CH: So, unstructured content, say you were writing about the about page of a museum, and part of what you were talking about were opening hours. You could narratively describe the opening hours we’re open Monday through Friday, nine to five except on Thursdays where we’re open until eight, it’s all true, and accurate. But you could also structure those opening hours to be very explicit on Mondays, we open at nine, and close at five. On Tuesday, nine to five, Wednesday nine to eight, and then you have that information, you can reuse it. It’s explicitly opening time, and it’s explicitly a time which is a type of data value that allows you to sort, and make other connections. You can put specific dates in like we’re closed on Christmas Day, or Thanksgiving Day, or whatever dates you’re closed, not just days of the week. So, hopefully that helps. It’s taking something like a big blob of body content, and turning it into explicit stuff. That doesn’t mean you’re not still going to have narrative text, of course you are. But as much as if you can start with what can I structure, and make explicit entities, then I find that that can be about 80% of content in any given corpus, and the rest would become narrative, and more body content.

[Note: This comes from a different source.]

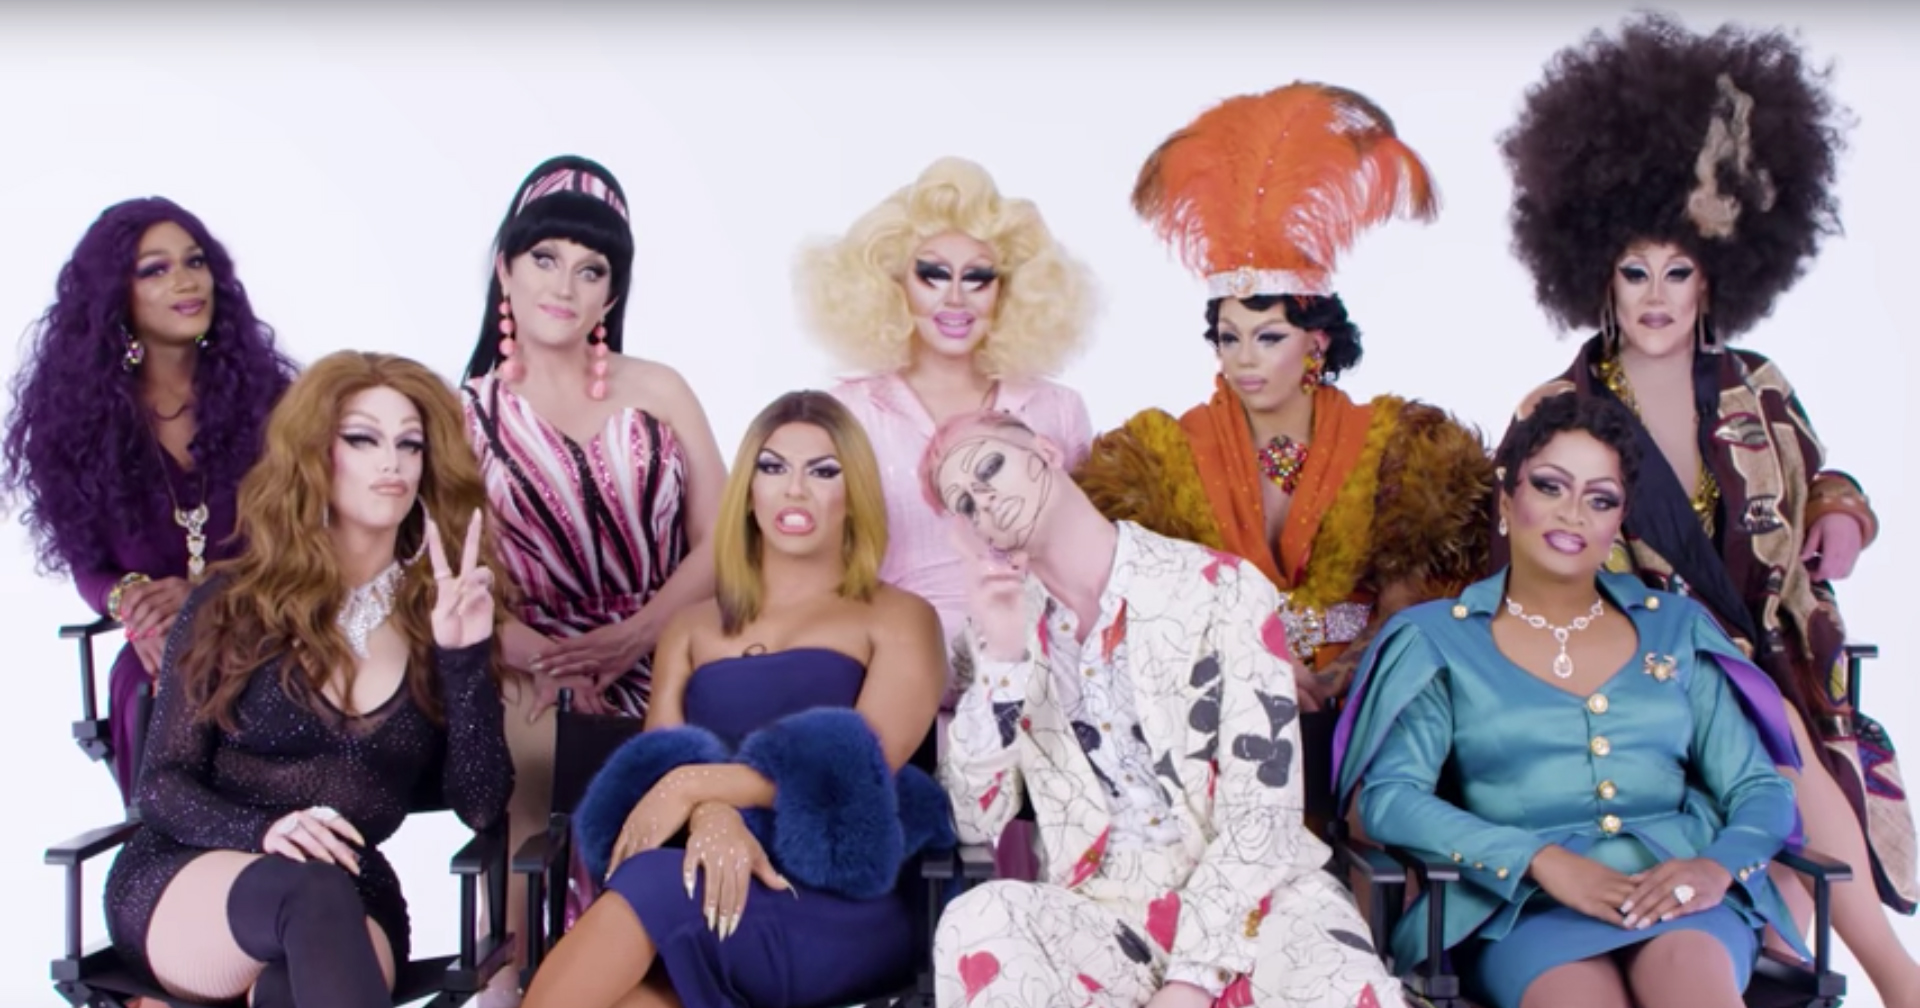 The cast of Drag Race All Stars 3 reacting to the previous season reading challenge

SO: So, I’m trying to take these in order from least complex to most complex, which is not actually working that well because… Audience, thank you. You have some great stuff in here. Okay. “Is there a right way to provide structured content to AI in order to teach it? And does the format change anything? Is it better, for example, to provide DITA XML content in PDF, or with a DITA map file, which would be the backend XML?” What do we do with that?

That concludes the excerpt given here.